Graduate School of Asian and African Area Studies, Kyoto University
Associate Professor
Hirokazu Yasuoka

I traveled to Cameroon from March 7 to 21, 2025. In a forested area in southeast Cameroon where hunter-gatherers called Baka live, I have been implementing the SATREPS Coméca project as a principal investigator from July 2018 to July 2024. This project is to create a management system for various non-timber forest products (NTFPs) and wildlife distributed in the rainforest in collaboration with the local people. The results of the Coméca Project have been continued in this study. Currently, I am conducting research for this project at a field station (Gribe/Zoulabot) of IRAD (Research Institute for Agricultural Development), which was the Cameroonian counterpart of the Coméca project.

After leaving Japan on March 7 and collecting materials at a library and bookstore in Paris on March 8, I arrived in Cameroon on March 9. The next day, they left the capital Yaounde and arrived in Gribe village on March 11. On March 12, together with IRAD researchers, we carried out a workshop and discussed how to utilize non-timber forest products at Gribe station, and demonstrated NTFPs processing formulated by IRAD and Kyoto University, where local people learned processing techniques.
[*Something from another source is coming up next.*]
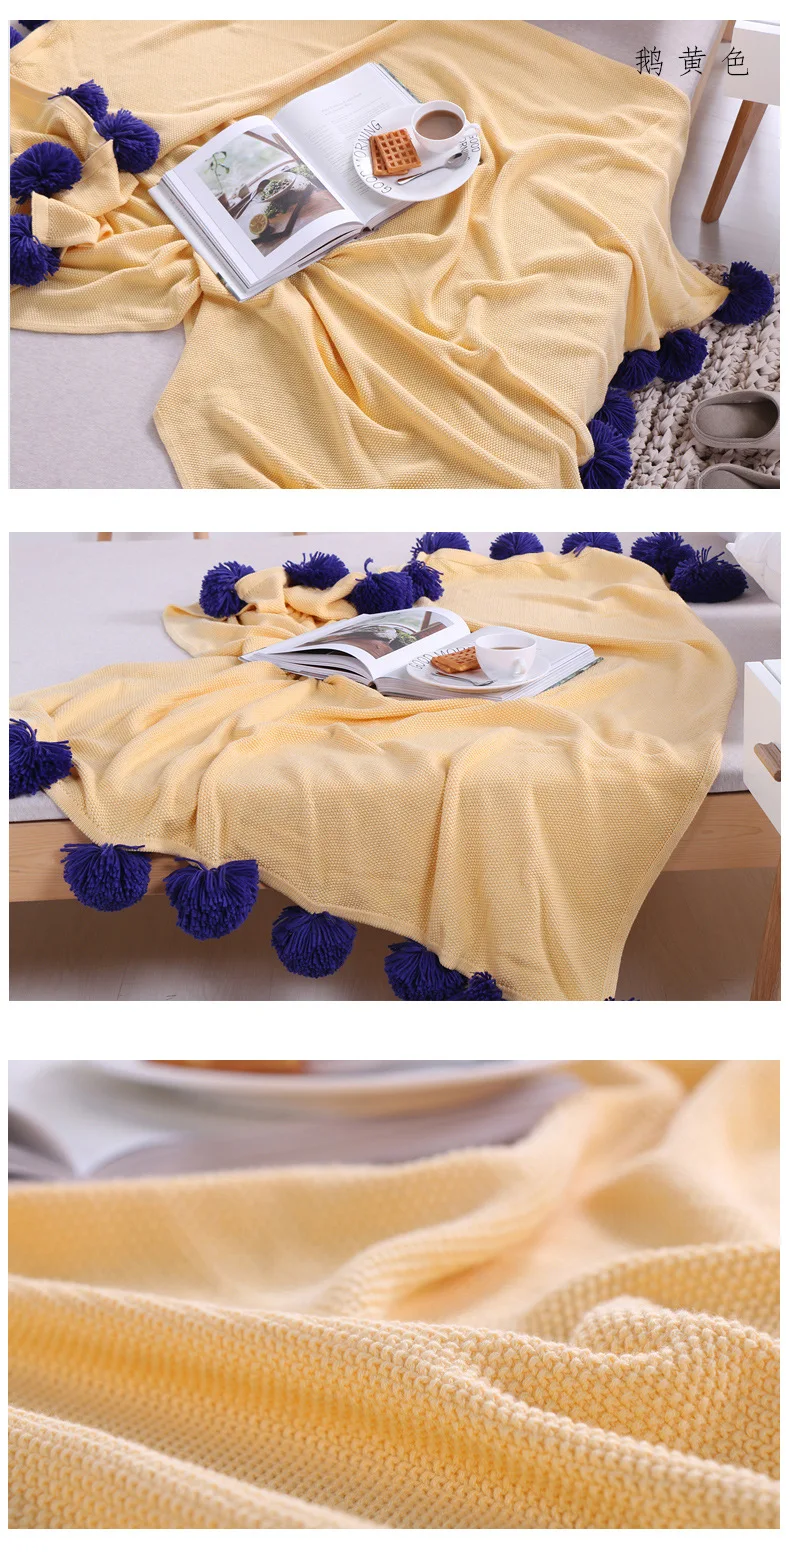 Eva Rueijing текстиль стиль Чистый хлопок в европейском стиле весна и летнее одеяло сон одеяло толстые пряжи INS Hot Sel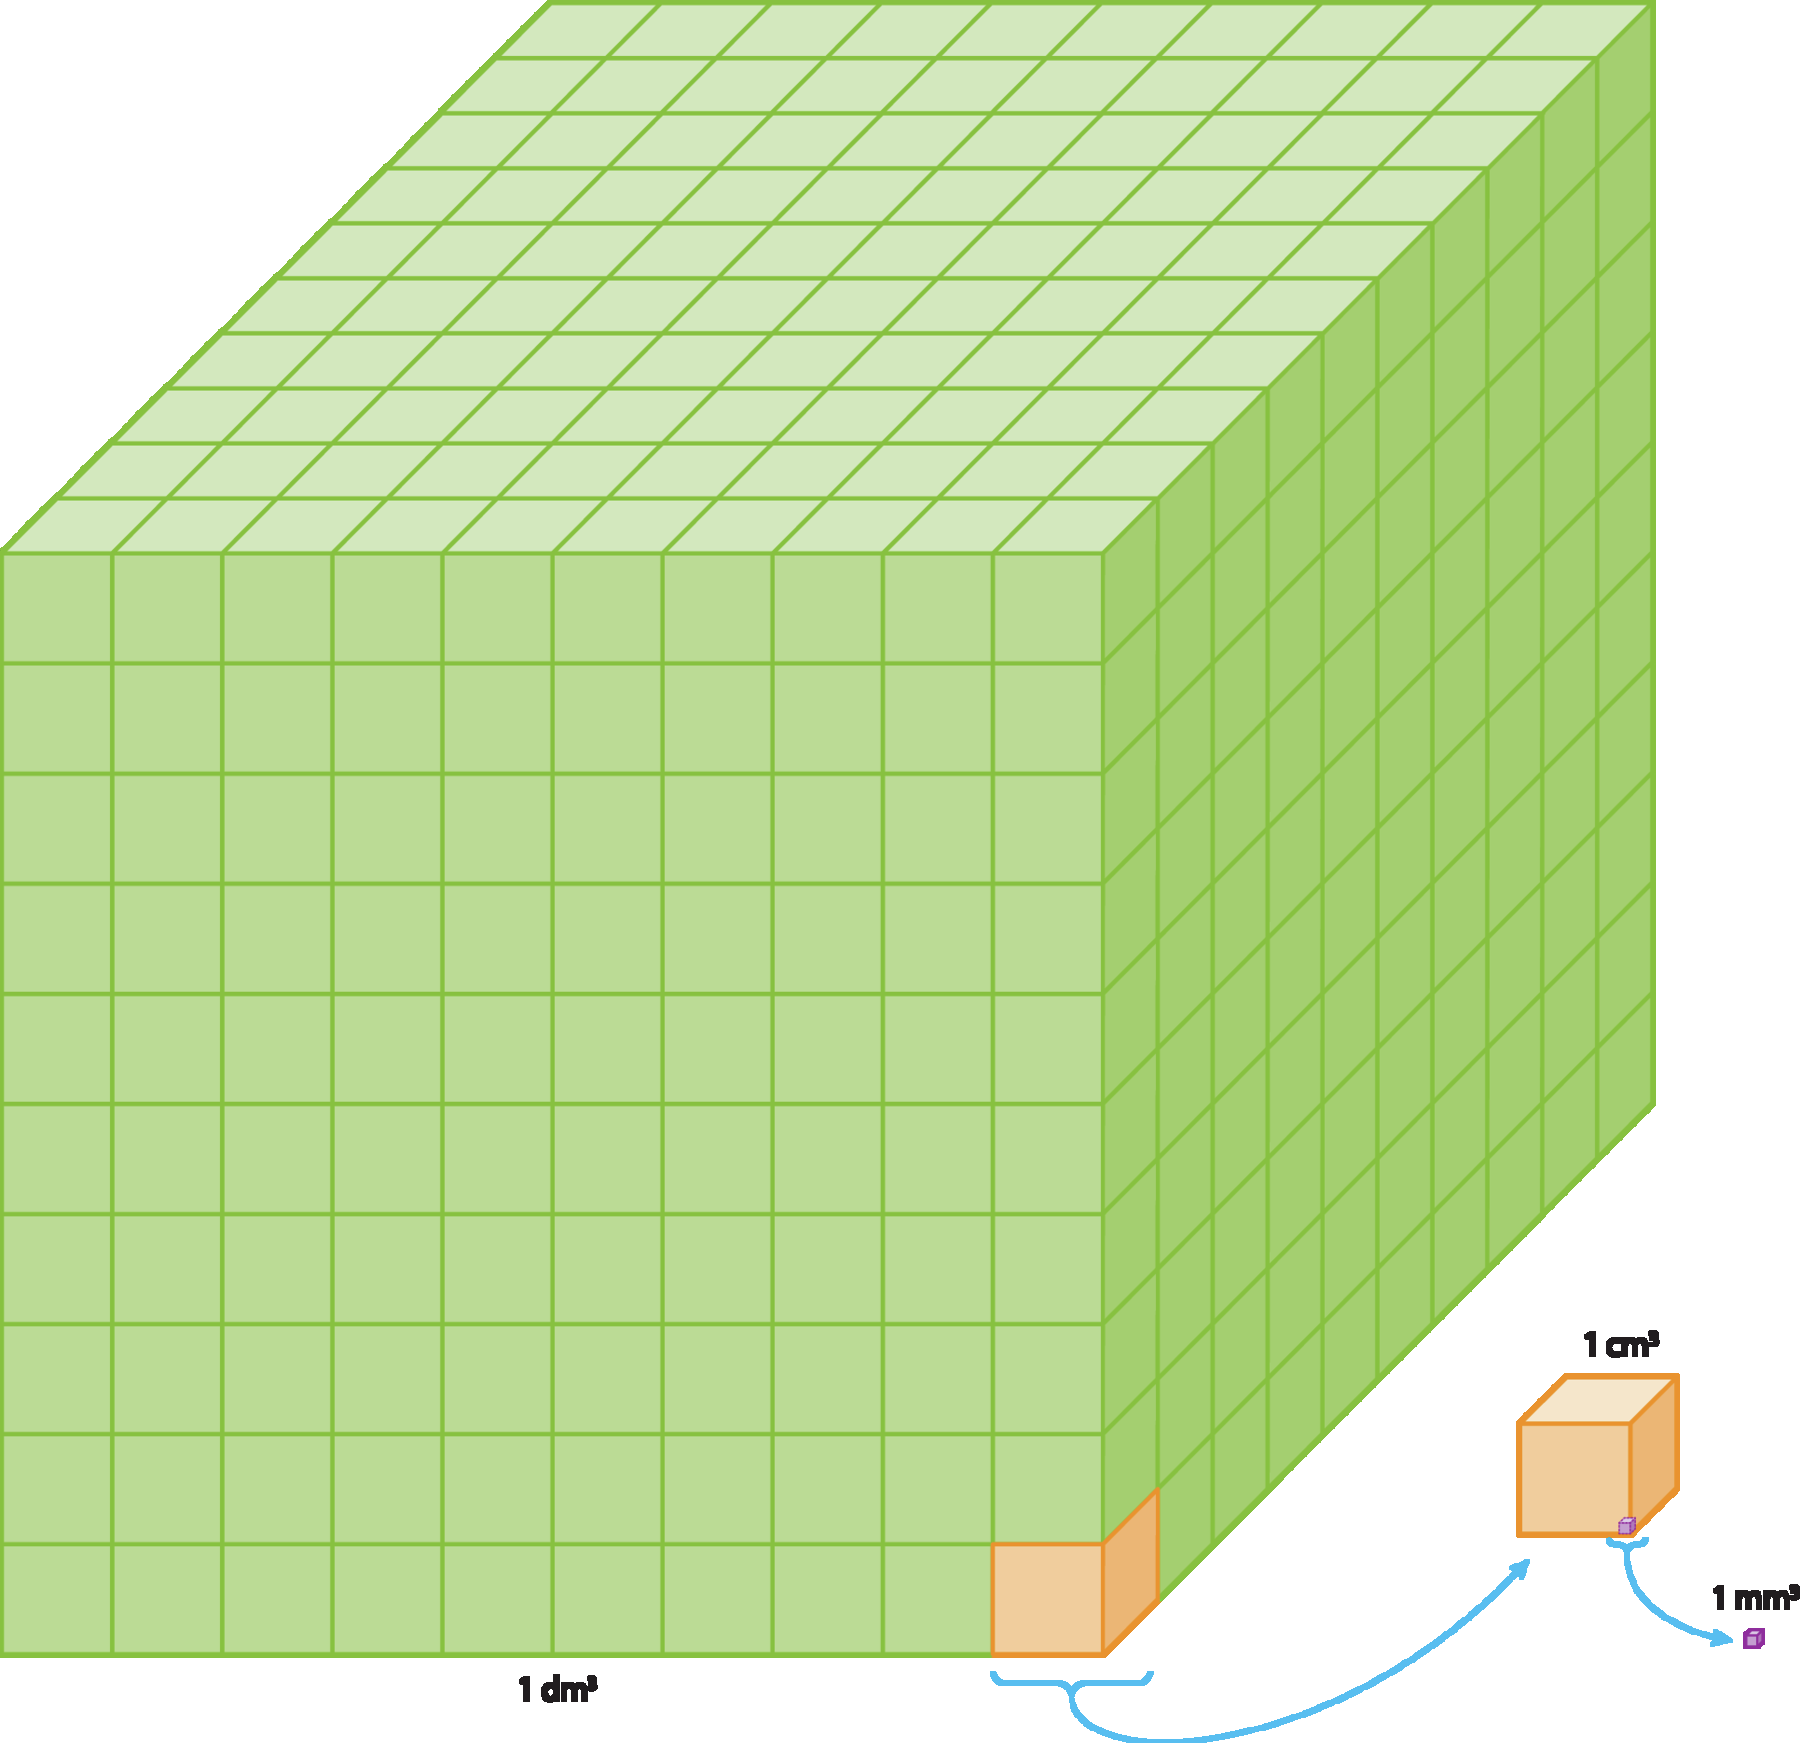 Ilustração. Cubo grande e verde com volume medindo 1 decímetro cúbico, dividido em mil cubos pequenos. Cada cubo pequeno tem volume de 1 centímetro cúbico. Uma flecha azul indica um desses cubos pequenos separados com destaque em laranja, e nele há um destaque em roxo para um cubinho com volume medindo 1 milímetro cúbico.

Figure 1: NTFPs workshop at Gribe Station

We then moved on to the village of Zoulabot, where we visited the Baka camp from March 13-15 to observe and interview them about hunting, and to explain the wildlife management methods we are developing. We confirmed that the R/B monitoring concept (https://sites.google.com/kyoto-u.ac.jp/comeca/rb-monitoring), which is at the core of our management approach, is easily understood by the Baka. This wildlife management is concerned with how the hunting practices of the Baka will be reorganized in the context of changes in the ecological environment, such as declining animal resources, and in the social environment, such as the establishment of protected areas, and what kind of relationship the Baka children should create with the forest and animals in this context. Therefore, documenting and analyzing the process of implementing this management is highly suggestive of the issues involved in this project.

Figure 2: Explaining the concept of R/B monitoring to a Baka man.

On March 17, we worked on the Zoulabot station. Specifically, we worked on the living space and set up the electrical and communication systems. On March 18, we departed for Yaounde, and on March 19, I started our flight back to Japan.